If you have an interstellar civilization based around some manner of FTL travel, whatever exotic technology is in use would also probably provide weapons of mass destruction- Alcubierre drives as currently understood could generate a massive gamma ray burst fairly easily, and that’s assuming that Alcubierre drive operation can’t be used to directly tear planets apart. A civilization which can build krasnikov tubes or artificial wormholes can also probably launch relativistic kinetic weapons, the energy requirements to build the other end being if anything more impressive.
I had considered going into the details of why defense might have some asymmetry, like maybe it's pretty easy to put a dead man's switch type deal that makes a defended star system unusable if threatened. Really it doesn't seem like the kind of thing we'd be able to predict with current day physics knowledge, maybe dark matter can be used as a relativistic shield of some sort.
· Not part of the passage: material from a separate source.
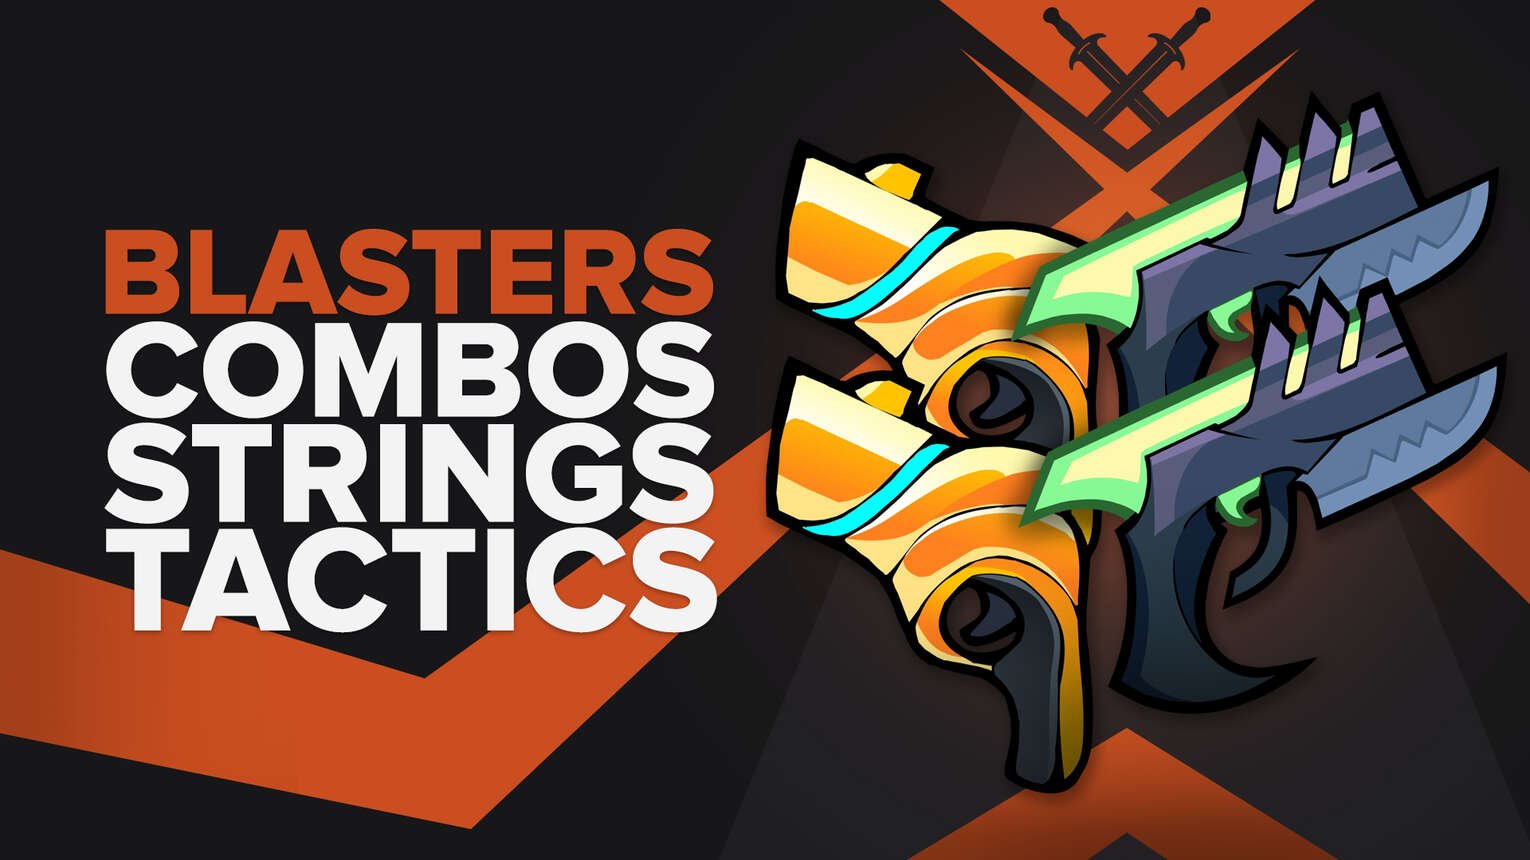 Best Blasters Combos, Strings, and Tips in Brawlhalla

A relativistic bombardment would also make a planet unusable on less-than-geologic timescales, right? It seems like it should(although a gamma ray burst probably wouldn’t, even if it requires a planet get re-terraformed). No doubt sci-fi ftl changes the equation because faster than light sensors can give much more of an early lead time on relativistic bombardments, but any kind of shielding that works against, say, a dinosaur killer at .7 C is beyond physics as commonly understood.
I have to admit, I now kind of want to see the motte coming up with a hard sci-fi universe of its own centered around some kind of interstellar Cold War.
The dark forest looms large in such a discussion, but I do think it got the game theory wrong. I think in general in the space future a lot of civilization leaves the gravity wells and never returns.
Why? Everything a civilization needs is in gravity wells- energy, materials, resources. Given interstellar travel times it makes more sense to stick near a source of fuel and materials when you can.
Gravity wells will be used and mined but they're too easy of targets. And the friction of escaping the well to trade is going to be very important.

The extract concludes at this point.